The arbitration proceedings in the construction industry allows the parties to tailor the procedure to their needs, but also to choose arbitrators specialised in specific technical areas as well as to choose the seat and the language of proceedings, which is a great advantage particularly in the international construction projects.[5] 

However, it is the high technical complexity of construction projects, as well as other factors, such as shifts in approaches to management and to the allocation of risk and responsibility between the parties, as well as economic and political factors that require specific tools and methods to be applied in the arbitrations proceedings concerning construction disputes.[6] Therefore the ICC drafted recommendation articles for construction industry arbitrations. 

Pursuant to the ICC Commission report, one of the most important requirements is that arbitrators shall be familiar with the industry, construction contracts and shall have strong case management skills. A particular emphasis shall also be put on evidence. 

The construction projects are typically subject to standard forms of contract, such as FIDIC etc., which may provide the parties with some kind of pre-arbitral procedure (e. g. adjudications, mediation, etc.) as a pre-condition to arbitration. Parties may agree on a Dispute Adjudication Board (standing or ad hoc), which consists of an independent person or a panel of individuals who, under the terms of a contract, act in some form of dispute prevention or resolution. Dispute Adjudication Board provides contractors with ‘recommendations’ or ‘decisions’, which may subsequently be submitted to the arbitration proceedings, should the Parties not agree with the outcome of the DAB proceedings. 

Provided the pre-arbitral proceedings are required, construction arbitration may be considered as ultima ratio, i.e. final step, concerning disputes dealing with main or important questions of contract that cannot be resolved satisfactorily in pre-arbitral proceedings.[7] Also, where the pre-arbitral proceedings is required, the initiation of arbitration proceedings without prior mandatory pre-arbitration procedures may lead to the lack of jurisdiction of the arbitral tribunal or inadmissibility of the case.[8]

In the construction industry disputes a need for an urgent interim or conservatory measures can arise.
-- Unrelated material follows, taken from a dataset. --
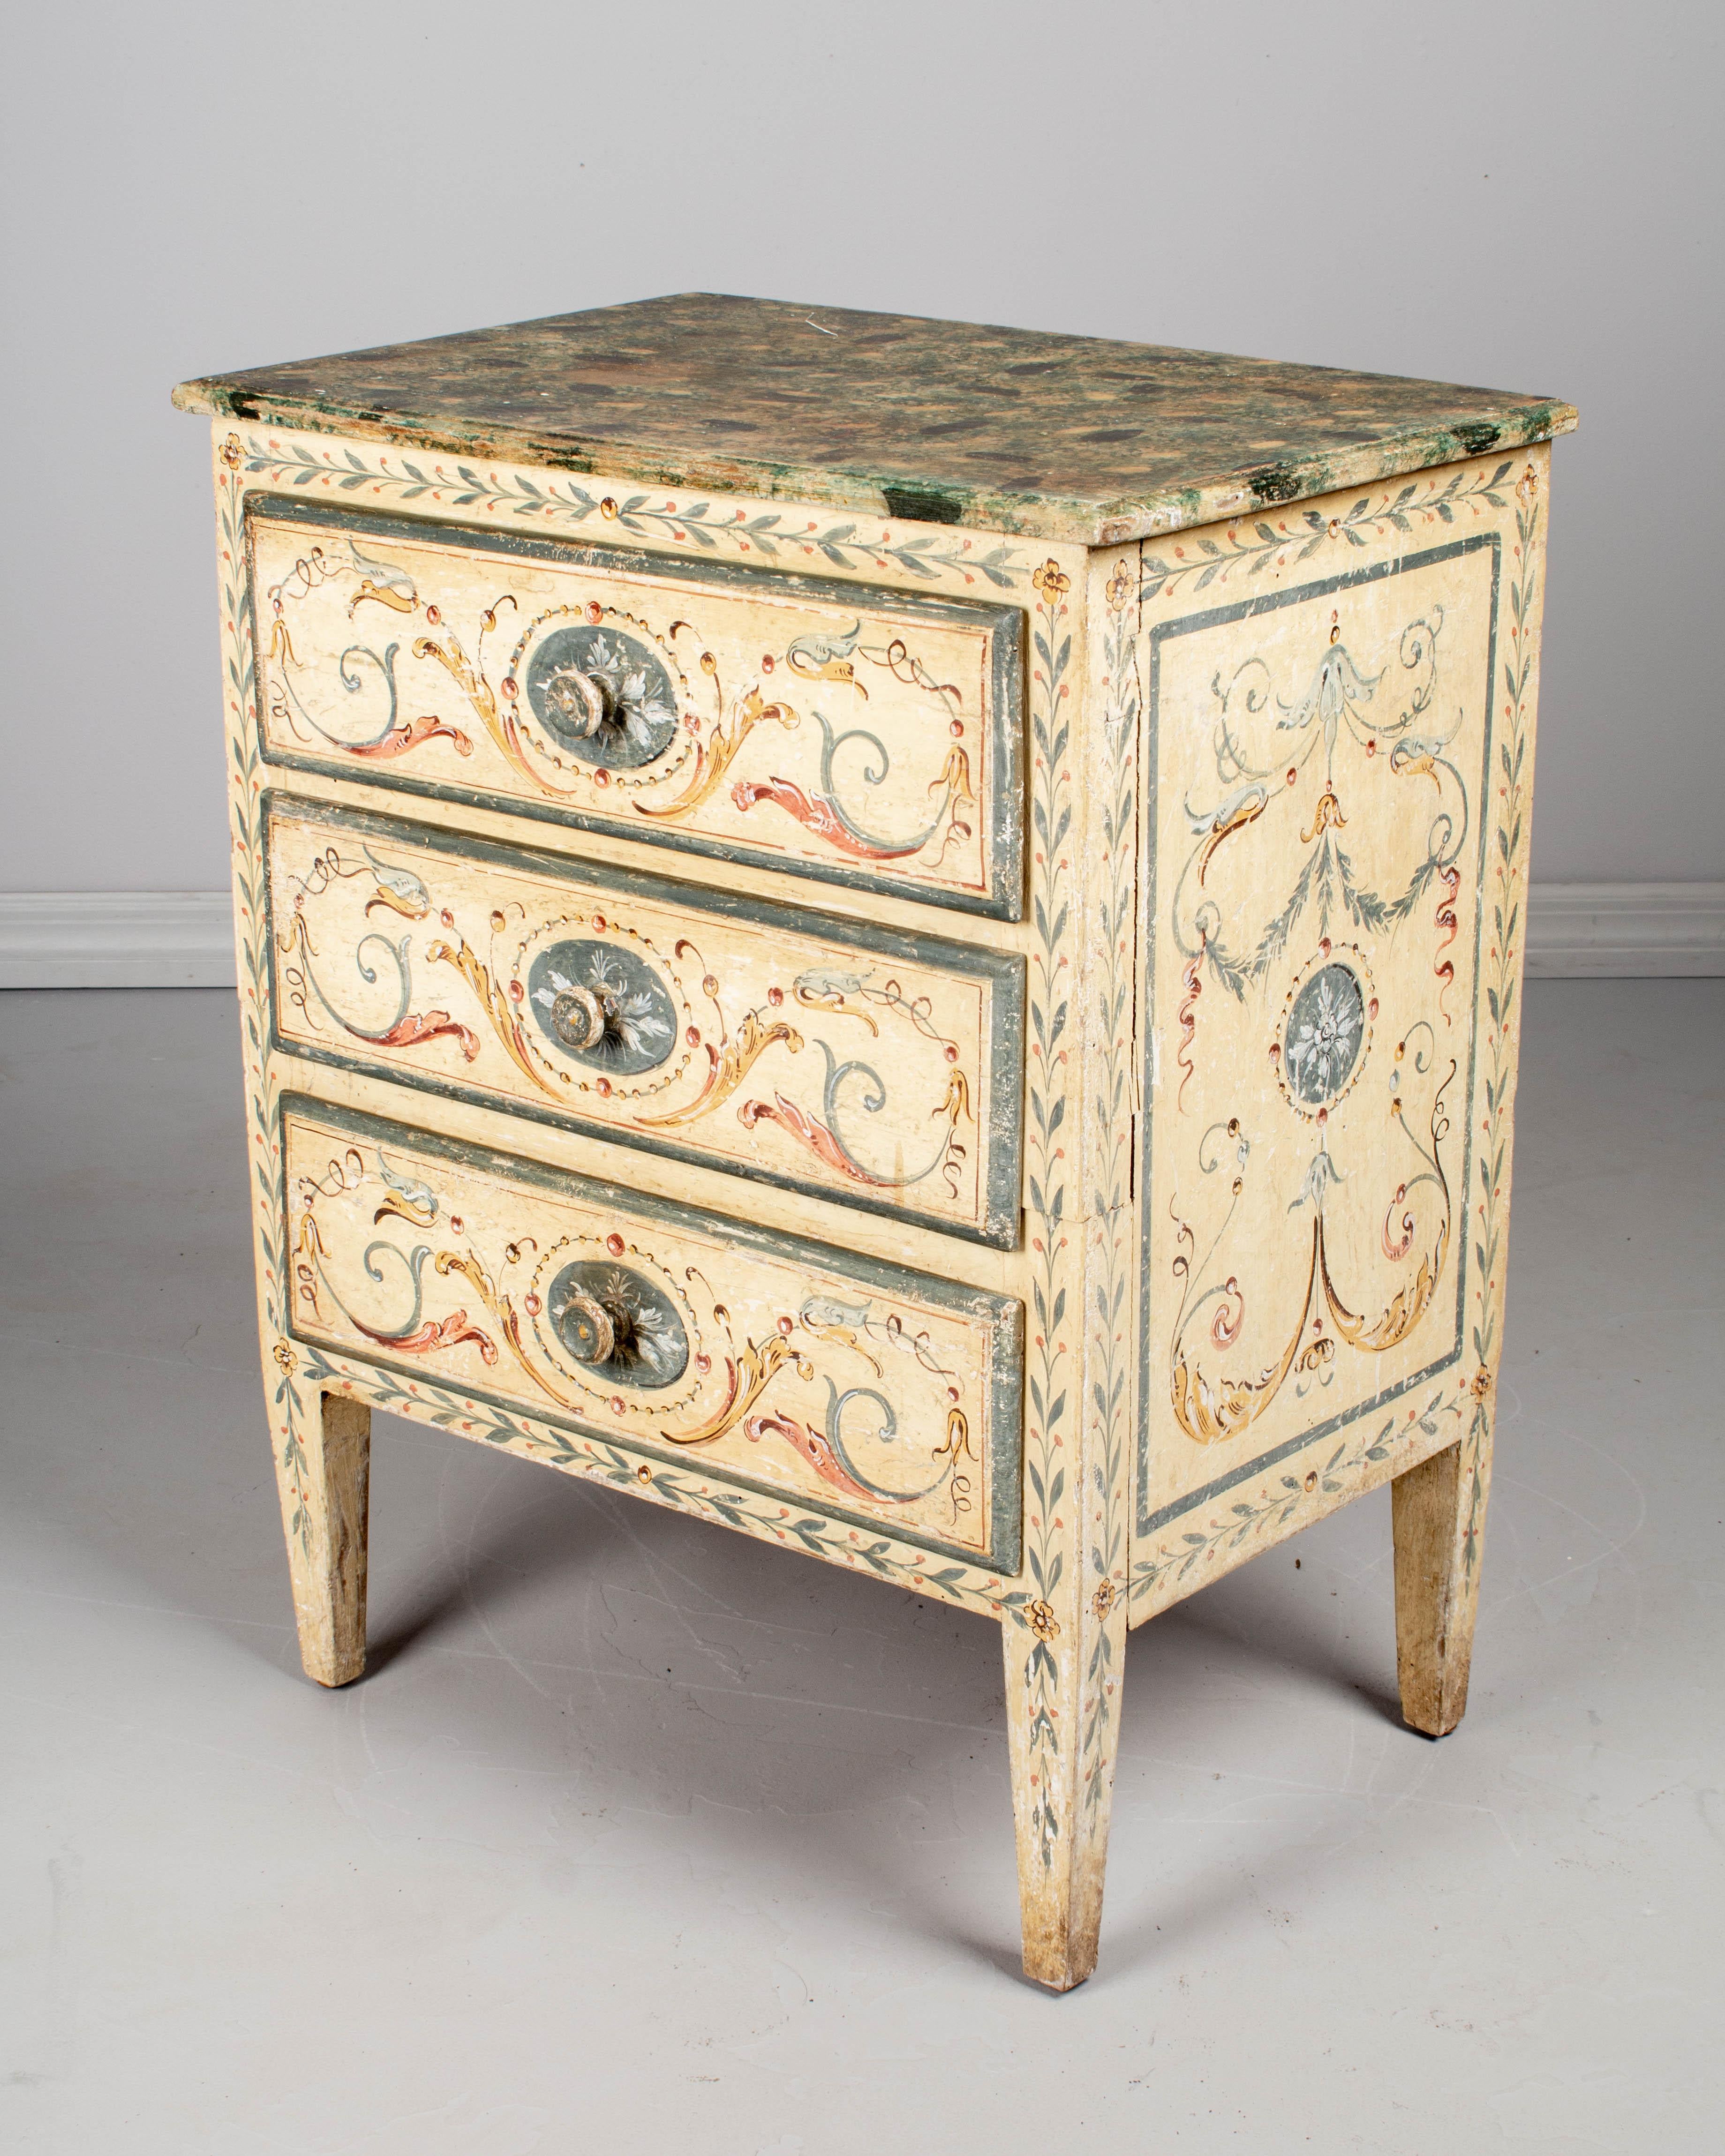 A small Italian Florentine style paint decorated chest, or nightstand. Made of pine, with three dovetailed drawers. Mid-19th century with later paint. In good condition, sturdy and well-crafted. Nice patina with minor paint loss. Please refer to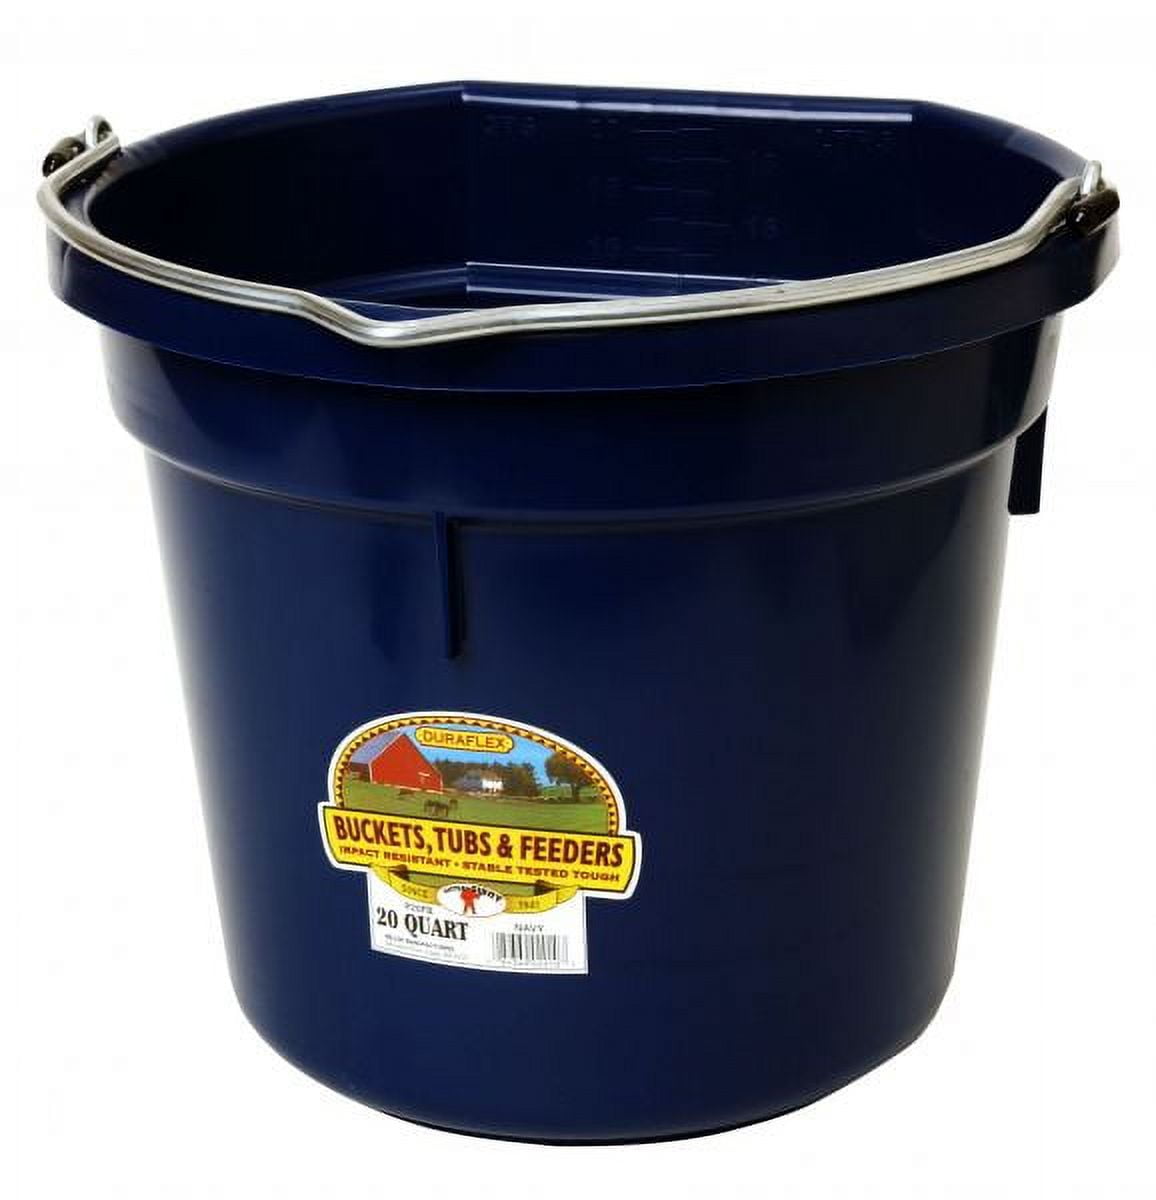 14 Qt. Blue Round Plastic Bucket with Steel Handle

To preserve the so-called status quo parties may submit their request for an emergency arbitration. In construction disputes, emergency arbitration is frequently used. As ICC 2019 statistics show, half of the Emergency Arbitrator applications were in the construction/engineering and energy sectors.[9] The parties undertake to comply with the emergency arbitrator’s decision (in form of an order) however, the arbitral tribunal may modify, terminate or annul the order or any modification thereto made by the emergency arbitrator[10] (an Emergency Arbitrator shall not act as the arbitrator or the member of the arbitral tribunal in main proceedings afterwards).


[1] JENKINS, J.: International Construction Arbitration Law (Second Edition), 2013, ISBN 9789041149855, p. 2.

[2] ICC Commission Report. Construction Industry Arbitrations: Recommended Tools and Techniques for Effective Management. 2019 Update, ISBN 978-92-842-0539-4, p. 8.

[3] JENKINS, J.: International Construction Arbitration Law (Second Edition), 2013, ISBN 9789041149855, p. 2.

[4] International Chamber of Commerce (ICC). Dispute Resolution 2019 Statistics, p. 15.

[5] JENKINS, J.: International Construction Arbitration Law (Second Edition), 2013, ISBN 9789041149855, p. 80.

[6] ICC Commission Report. Construction Industry Arbitrations: Recommended Tools and Techniques for Effective Management. 2019 Update, ISBN 978-92-842-0539-4, p. 8.

[7] ICC Commission Report. Construction Industry Arbitrations: Recommended Tools and Techniques for Effective Management. 2019 Update, ISBN 978-92-842-0539-4, p. 8-9.

[8] BALTAG, C., VASILE, C.: Construction Arbitration in Central and Eastern Europe, 2019, ISBN 9789403503318, p. 12.

[9] International Chamber of Commerce (ICC). Dispute Resolution 2019 Statistics, p. 17.

[10] Article 29 of ICC Arbitration Rules in force as from 1st January 2021.